What the task requires — From the listing below, restate word for word the lines from the line containing "DIY-Lunchbag: Brotbeutel aus" down through the line containing "Max Mara Leisure". Exclude pictures.

Data provided —

:::::

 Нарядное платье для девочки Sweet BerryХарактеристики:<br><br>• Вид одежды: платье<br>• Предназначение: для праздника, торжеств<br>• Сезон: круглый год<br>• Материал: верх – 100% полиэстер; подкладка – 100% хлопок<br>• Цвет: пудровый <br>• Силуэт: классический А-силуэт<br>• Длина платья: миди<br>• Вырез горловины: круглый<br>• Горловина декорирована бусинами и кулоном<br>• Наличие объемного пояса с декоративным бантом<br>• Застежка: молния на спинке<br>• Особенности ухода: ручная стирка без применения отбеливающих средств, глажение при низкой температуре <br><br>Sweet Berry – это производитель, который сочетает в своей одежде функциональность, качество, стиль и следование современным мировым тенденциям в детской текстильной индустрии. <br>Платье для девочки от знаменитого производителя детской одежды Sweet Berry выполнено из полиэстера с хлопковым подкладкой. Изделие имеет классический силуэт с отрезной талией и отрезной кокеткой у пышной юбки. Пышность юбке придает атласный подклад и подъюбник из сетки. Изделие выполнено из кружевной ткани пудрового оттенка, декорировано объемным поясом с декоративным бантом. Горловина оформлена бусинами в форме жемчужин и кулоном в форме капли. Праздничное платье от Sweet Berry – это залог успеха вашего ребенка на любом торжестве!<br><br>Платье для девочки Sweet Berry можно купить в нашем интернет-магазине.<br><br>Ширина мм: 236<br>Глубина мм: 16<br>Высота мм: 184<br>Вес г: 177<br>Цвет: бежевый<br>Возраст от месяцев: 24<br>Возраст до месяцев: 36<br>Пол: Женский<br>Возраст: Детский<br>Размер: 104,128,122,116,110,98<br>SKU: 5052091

:::::

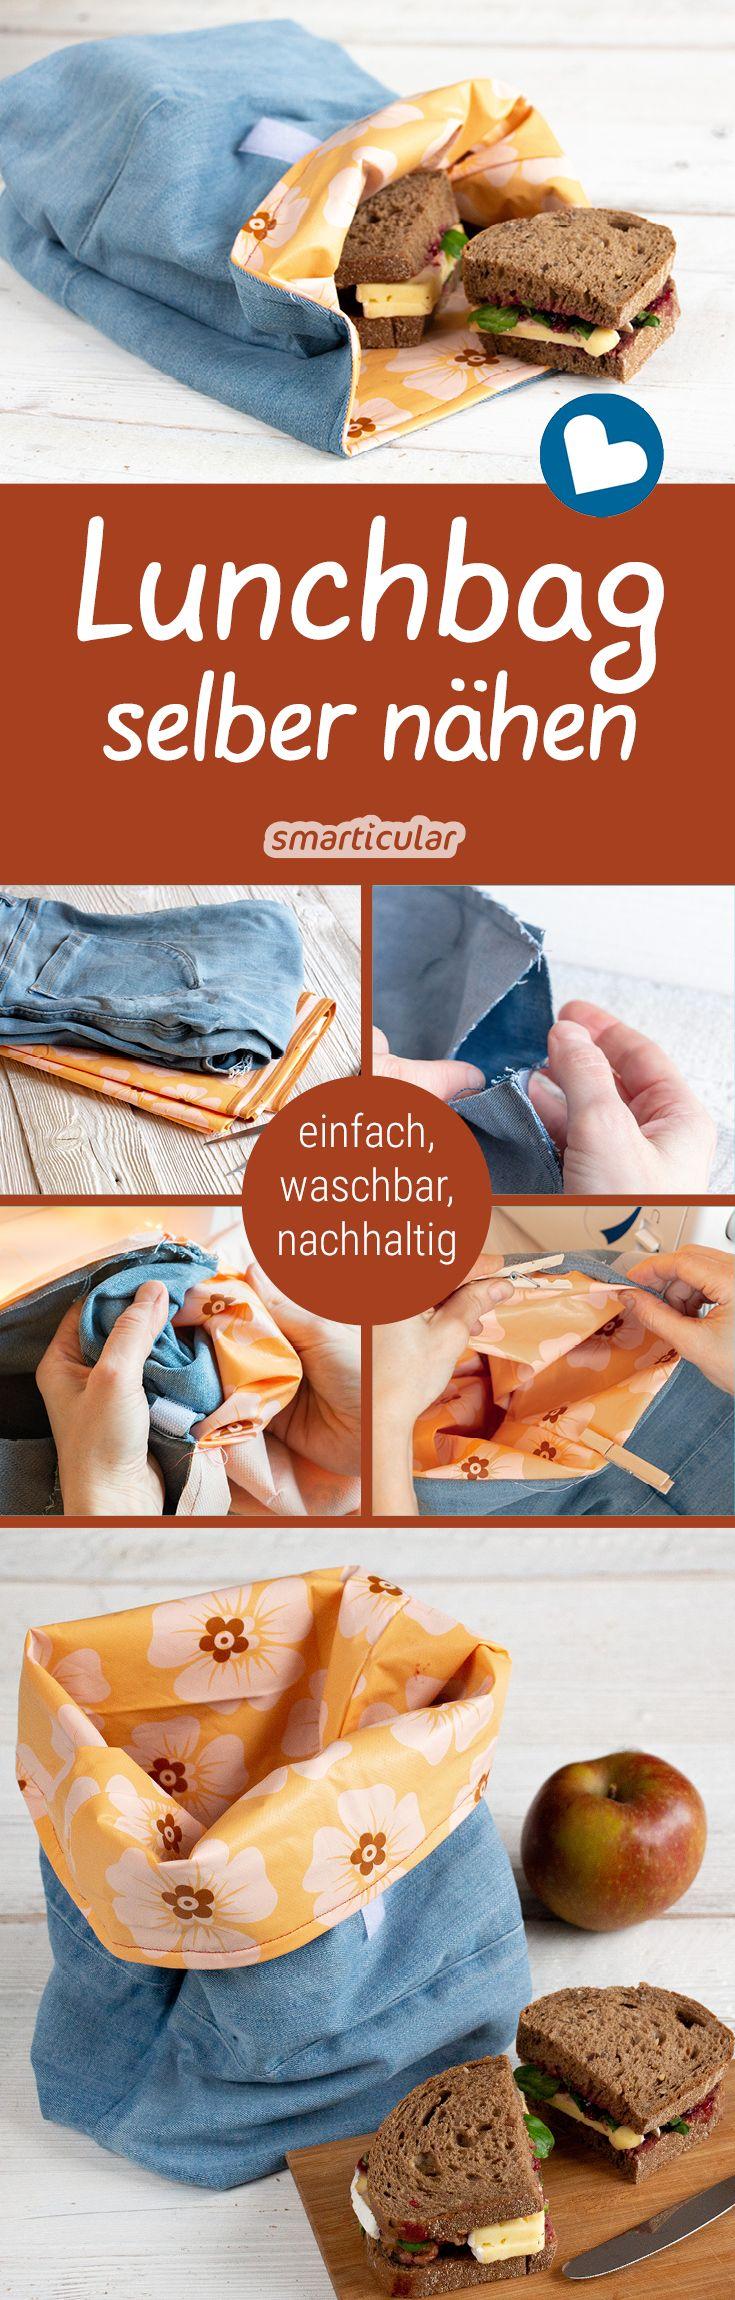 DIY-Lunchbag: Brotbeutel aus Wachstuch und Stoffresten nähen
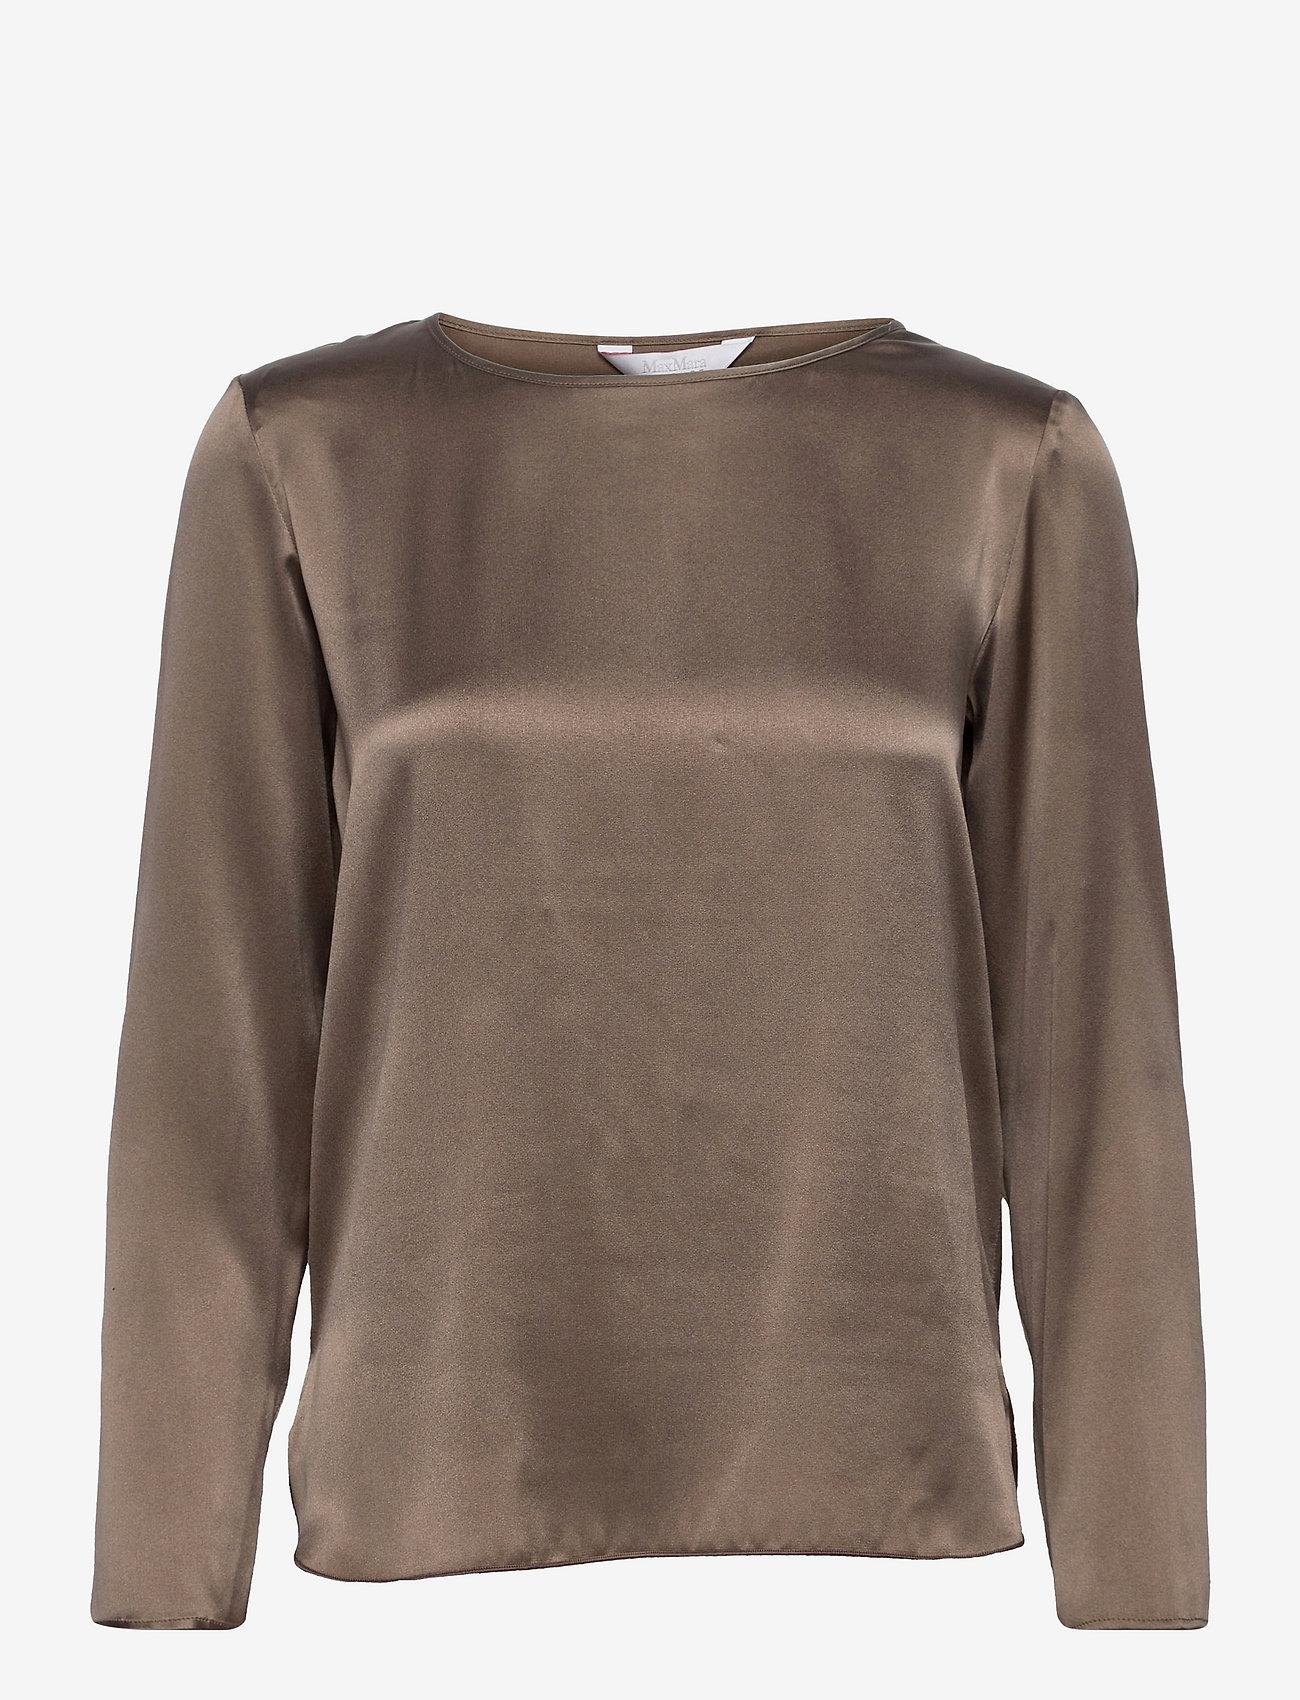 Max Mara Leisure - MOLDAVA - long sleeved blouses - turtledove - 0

:::::

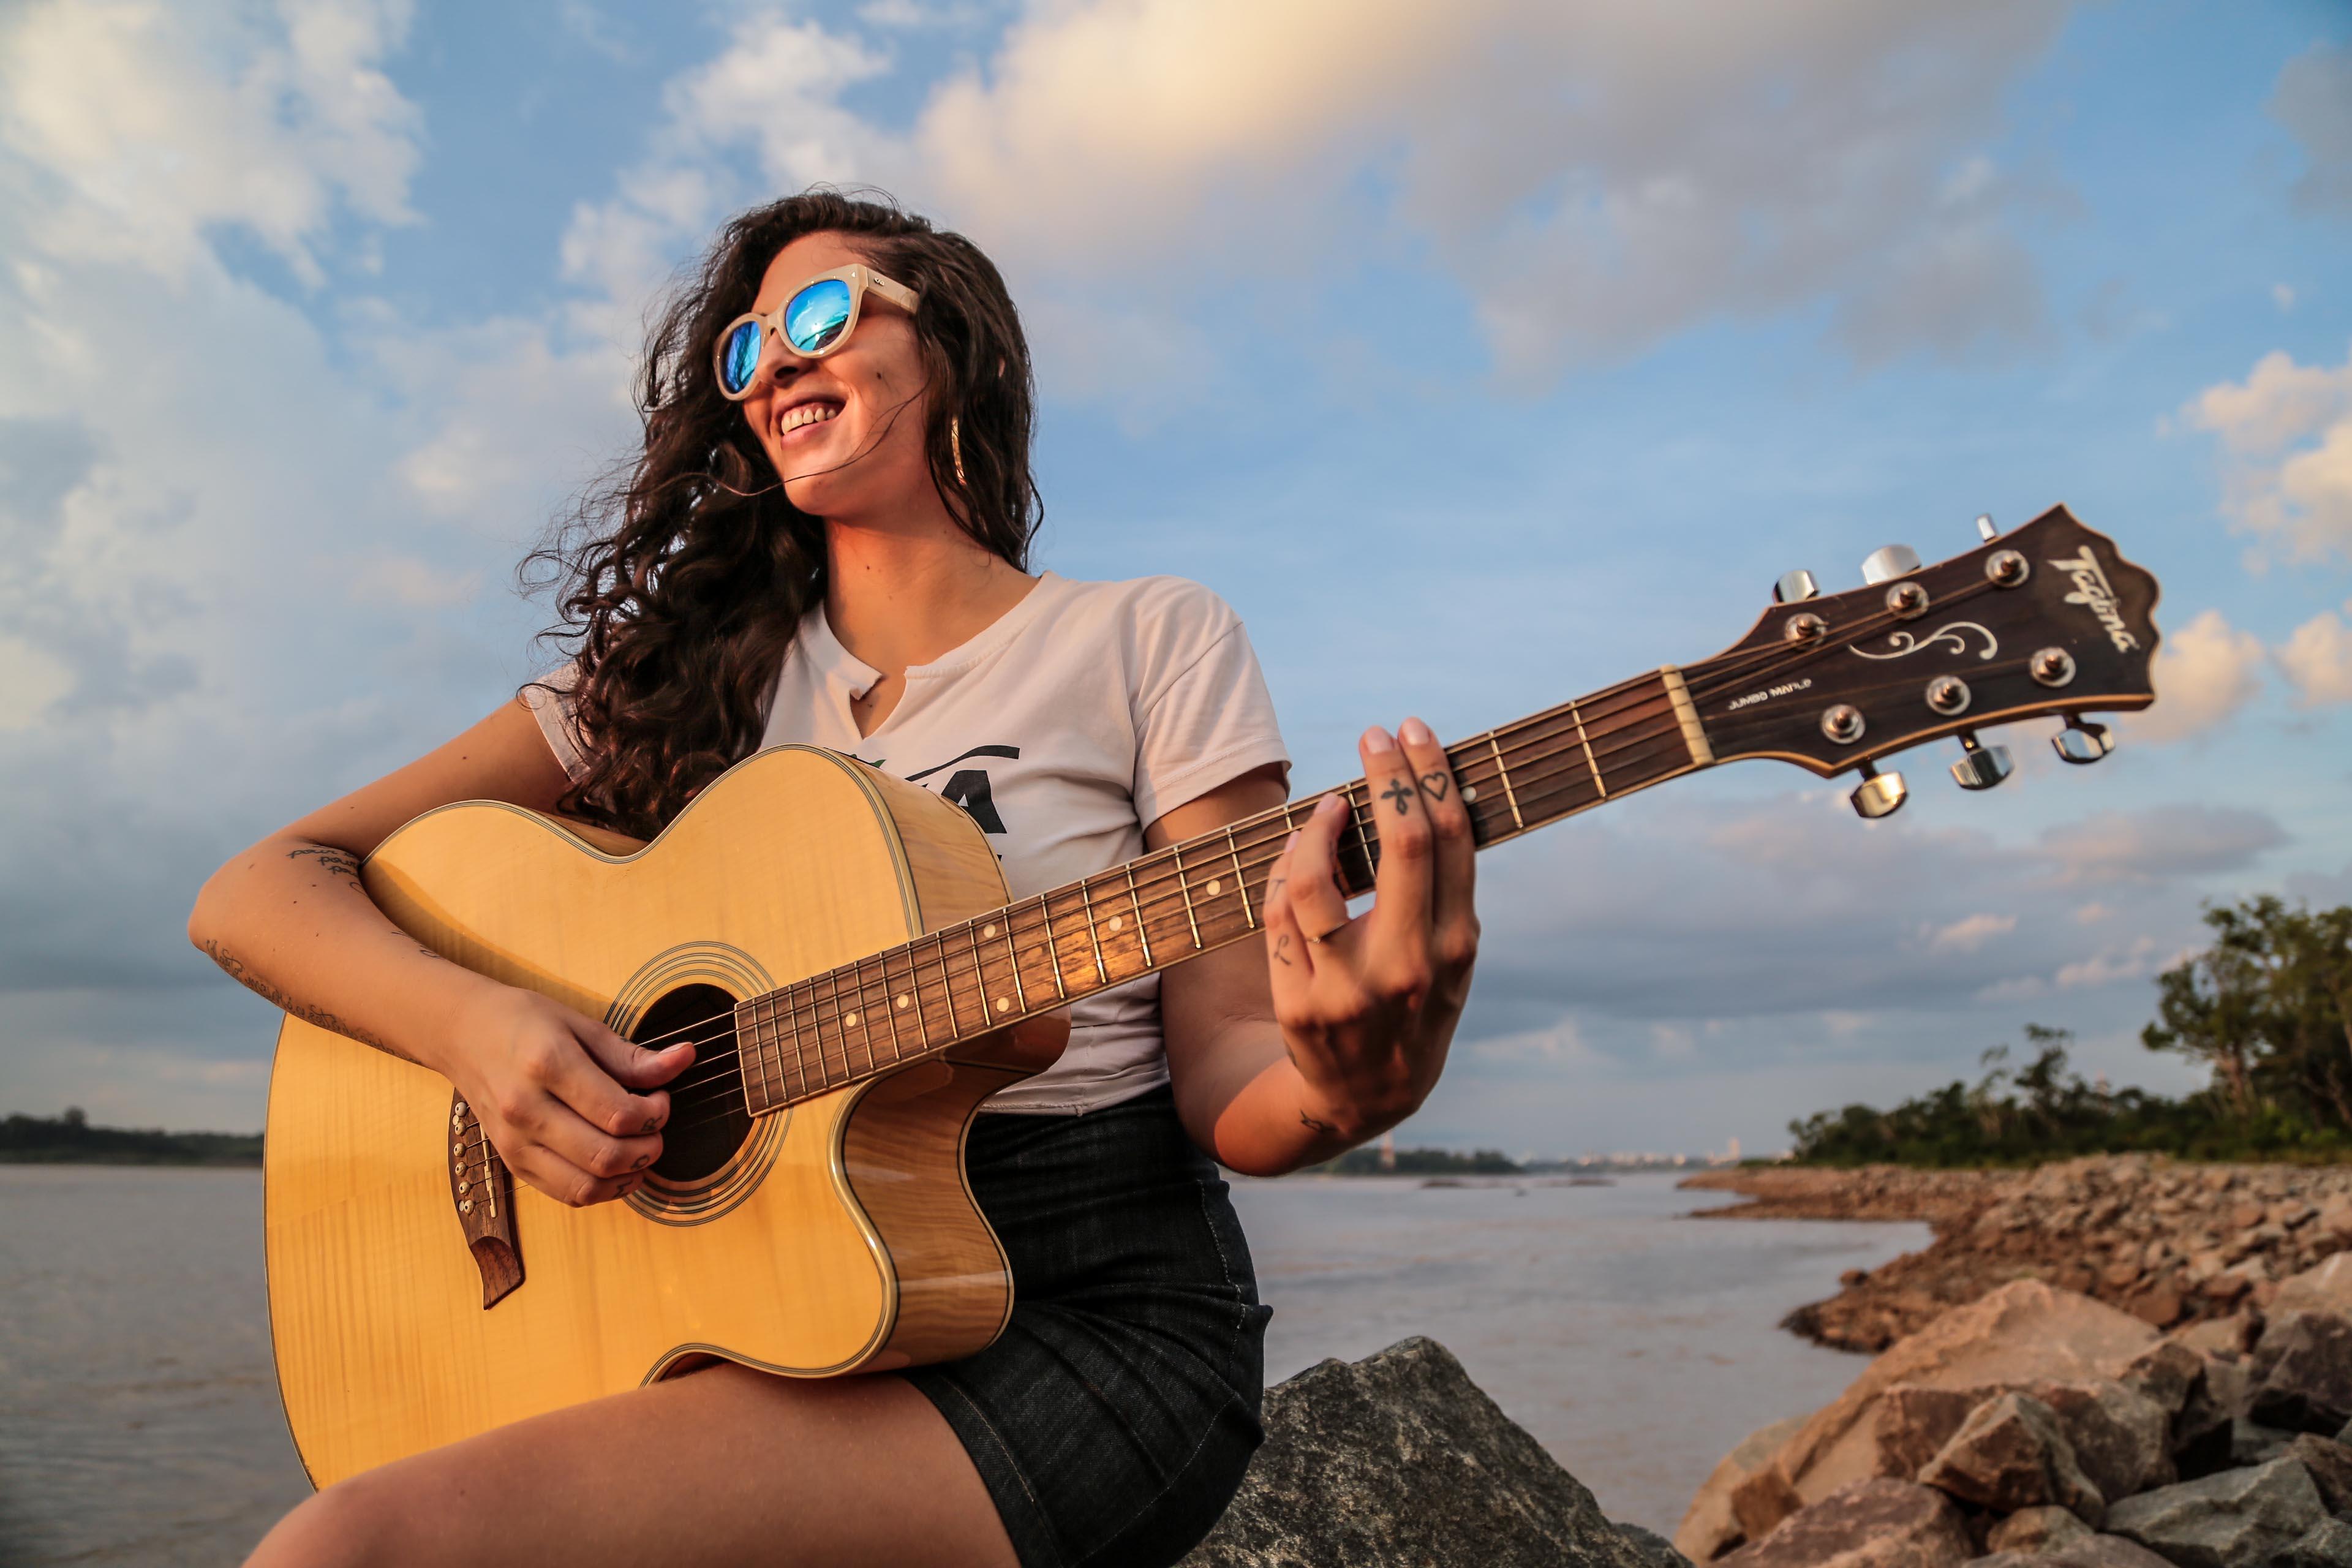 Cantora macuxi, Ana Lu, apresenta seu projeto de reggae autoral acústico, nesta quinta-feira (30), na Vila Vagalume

:::::

Your response —
 DIY-Lunchbag: Brotbeutel aus Wachstuch und Stoffresten nähen
 Max Mara Leisure - MOLDAVA - long sleeved blouses - turtledove - 0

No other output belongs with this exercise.